Si è conclusa dopo diversi mesi, l’ultima campagna elettorale : domenica l’Italia è andata al voto, e dopo cinque anni, ci siamo svegliati in questo lunedì mattina, con i giornali che riportavano i grafici, le percentuali, la cartina d’Italia divisa per colori. Abbiamo assistito per mesi a promesse ma soprattutto a litigi e parole forti, dichiarazioni di ogni tipo. Mentre la propaganda elettorale procedeva, fatti drammatici e un brutto clima asfissiavano l’aria come una tenda pesante che oscura la luce del sole, e rende tutto buio. Penso non solo ai fatti di Macerata, ma anche ai molteplici episodi di violenza succeduti di recente, fatti di cronaca che sono lo specchio dei nostri tempi, che ci fanno purtroppo abituare all’ orribile, al male.
La mia generazione è nata con una politica di contrappesi, di egemonia democristiana, per crescere nella degenerazione del terrorismo, per poi stordirsi negli anni ottanta e ritrovarsi nella globalizzazione, in un mercato impazzito e con la prospettiva di una pensione a settant’anni. Siamo una generazione bollita e con figli piccoli o che che stanno diventando adolescenti .
Siamo arrabbiati. Non sopportiamo che i nostri padri abbiano avuto vita più semplice di noi. Siamo spaventati per i nostri figli che, dopo aver venduto la casa dei nonni, avranno un futuro quanto mai incerto. Stiamo assistendo ad un clima di odio senza precedenti, dove la rabbia offusca la ragione.
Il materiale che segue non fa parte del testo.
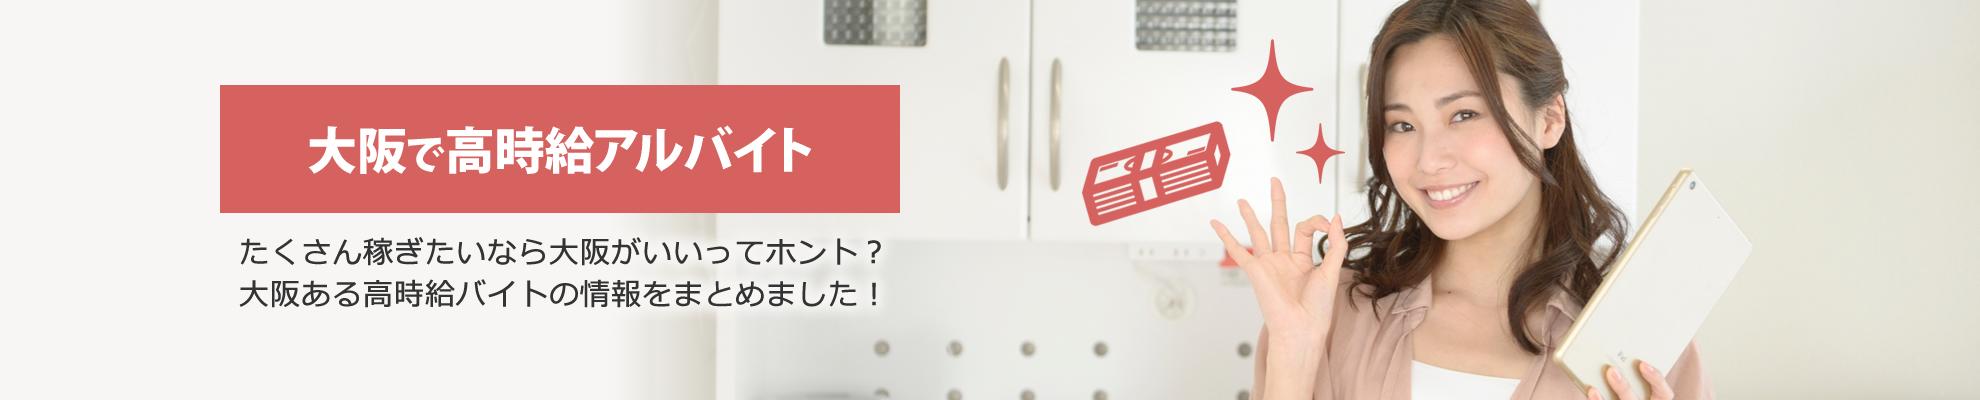 大阪副業高時給アルバイト求人のお仕事とは?

Rabbia per chi crediamo ci rubi il lavoro o ci rubi e basta. Abbiamo rabbia per chi riteniamo non sia stato in grado di governarci e ci dimentichiamo, nonostante questo, di quella che è la nostra storia. Ci dimentichiamo dei morti, dei nostri ideali, dei buoni sentimenti o semplicemente della buona educazione.
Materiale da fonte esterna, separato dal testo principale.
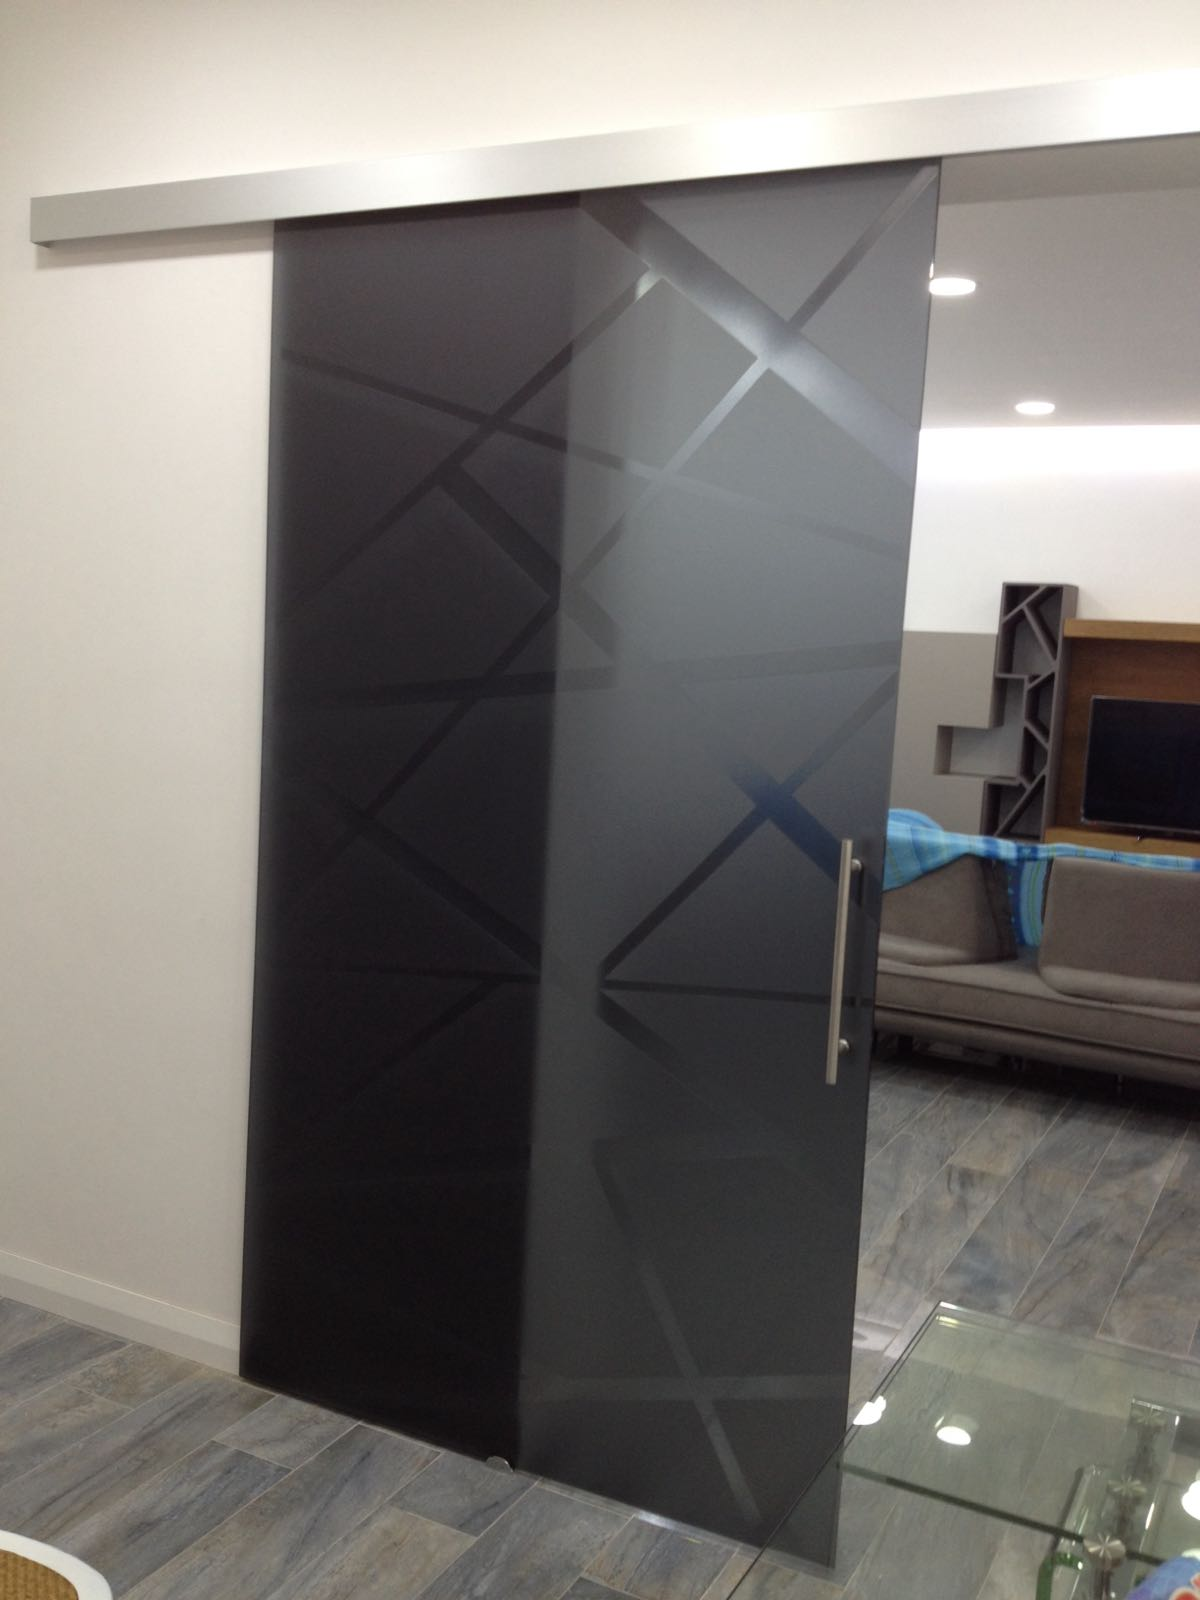 Porte in vetro napoli vm art design glass porte in vetro e vetrate artistiche casoria - Costo scrigno porta scorrevole ...

Non è facile spiegare a mia figlia il motivo per cui tutta quella gente in televisione urlava sguaiatamente . Più semplice spiegarle dove siamo andati domenica. Abbiamo espresso il nostro pensiero. Abbiamo partecipato ad una cosa importante, scegliere chi farà le leggi che governeranno la nostra vita.
Chissà se coloro che hanno questo compito meriteranno la stima di mia figlia. Non lo so, perché mia figlia, che ha quasi sette anni, è molto esigente, e soprattutto non sopporta la gente che urla e dice parolacce. Io non faccio testo, perché addirittura mi aspetterei dai futuri legislatori un’idea di futuro, una visione, una buona sana ideologia. Un antico richiamo ai valori, che possa dare la rotta per le scelte in questo mondo globale e in questa società fluida.
Destra e sinistra non sono uguali. Ci sono delle differenze legittime, e io vorrei riconoscerle in chi mi parla come deputato o senatore. E a loro vorrei anche dire che sto insegnando a mia figlia che nella vita ci si realizza solo se ci si impegna, se si fatica e se si imparano tante cose. L’opinione di chiunque non vale come quella di chi ha guadagnato la competenza con lo studio e il sacrificio. Siamo tutti diversi, tutti possiamo dare qualcosa, ciascuno con il suo valore.
In questo lunedì, a seguito di questa legge demenziale che non ha capito nessuno, non si sa quando e come si formerà un governo. E anche questo è difficile da spiegare a mia figlia quando mi chiede : chi ha vinto?
Le dico che sono sicuro solo di chi ha perso, ma chi ha vinto non salirà sul podio come chi alla fine della gara viene premiato, le cose sono più complicate.
Mi auguro per il prossimo futuro ciò che pensò sia molto difficile si realizzi: spero si plachino gli animi soprattutto degli elettori, e che dal clima di odio e di rancore, in ciascuno di noi cresca il desiderio di condividere amore e solidarietà per il prossimo, in un atteggiamento positivo e meno egoista. Un desiderio di pace e di rispetto; valori semplici, che io insegno a mia figlia ma che noi abbiamo dimenticato.
Solo così, forse, riusciremo a non Perderci Definitivamente. R.C.